I see, I did not think of that.

>>>> * If you give an end movement number that is larger than the number of
>>>> movements and thus does not exist, the script does an infinite loop. In
>>>> that case the end movement should be set to the last present movement
>>>> and a warning be given.
>>>
>>> I've fixed this.
>>>
>>>> * If you give an end movement that is before the start movement, the
>>>> lilypond code is erroneous. That should be checked and an error message
>>>> given.  For example before line 32: (if (< end (d-GetMovement))
>>>> (d-InfoDialog "Chapter end cannot be before chapter start!") (begin ... ))
>>>
>>> that fix also prevents bad code generation in this case
>>
>> I suggest to give a message to the user in this case, e.g. by inserting
>> (d-WarningDialog (string-append (_ "Invalid movement number: ") end ))

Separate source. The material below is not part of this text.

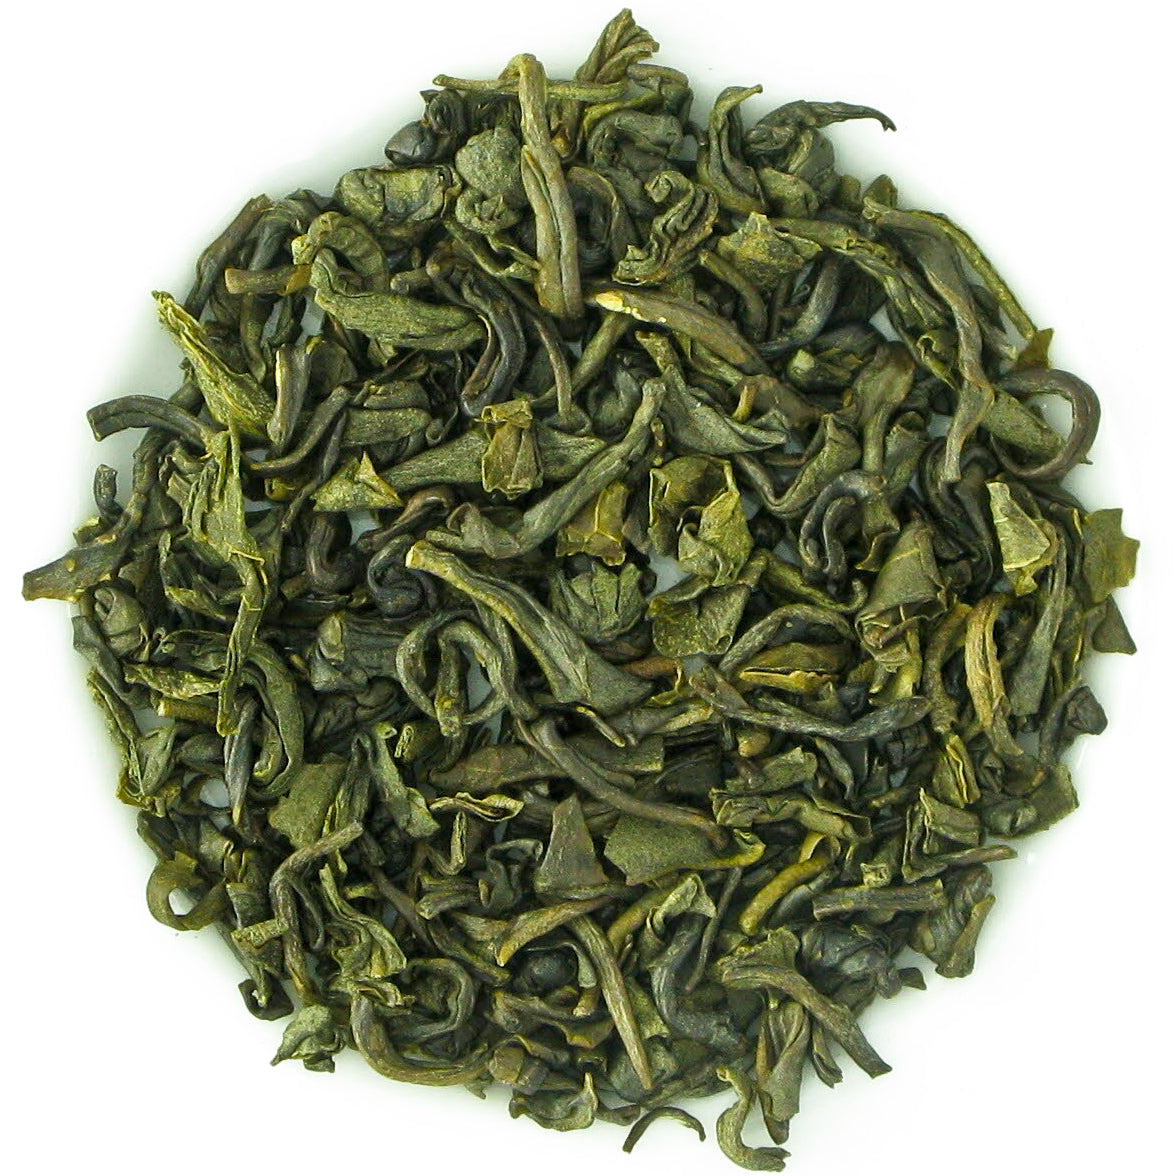 Thé Vert à l'amande    - Kusmi Tea - Thé et infusion -

>> as else branch of the (if ...) starting in line 28.
>>
>>>> * The end movement cannot be changed. (This becomes important if one
>>>> insert a movement at the end of a chapter.) If you click on EndChapter,
>>>> you just get an information dialog. It would be more convenient be told
>>>> the movement number where the corresponding start is and given the
>>>> option to move the EndChapter to another movement. Workaround is to
>>>> delete and re-insert.
>>>
>>> Hmm, it seems you have to delete the start as well as the end and the
>>> re-instate.
> 
> actually, there should be a cleverer way - you make a button that will
> create a clone of the End Chapter, then delete that End Chapter, move to
> the movement where you want the end to go and use the button to
> reinstate the End Chapter in the new position.

That sounds like a good possibility. However, it also sounds like a lot
of work for which I don't have the time right now.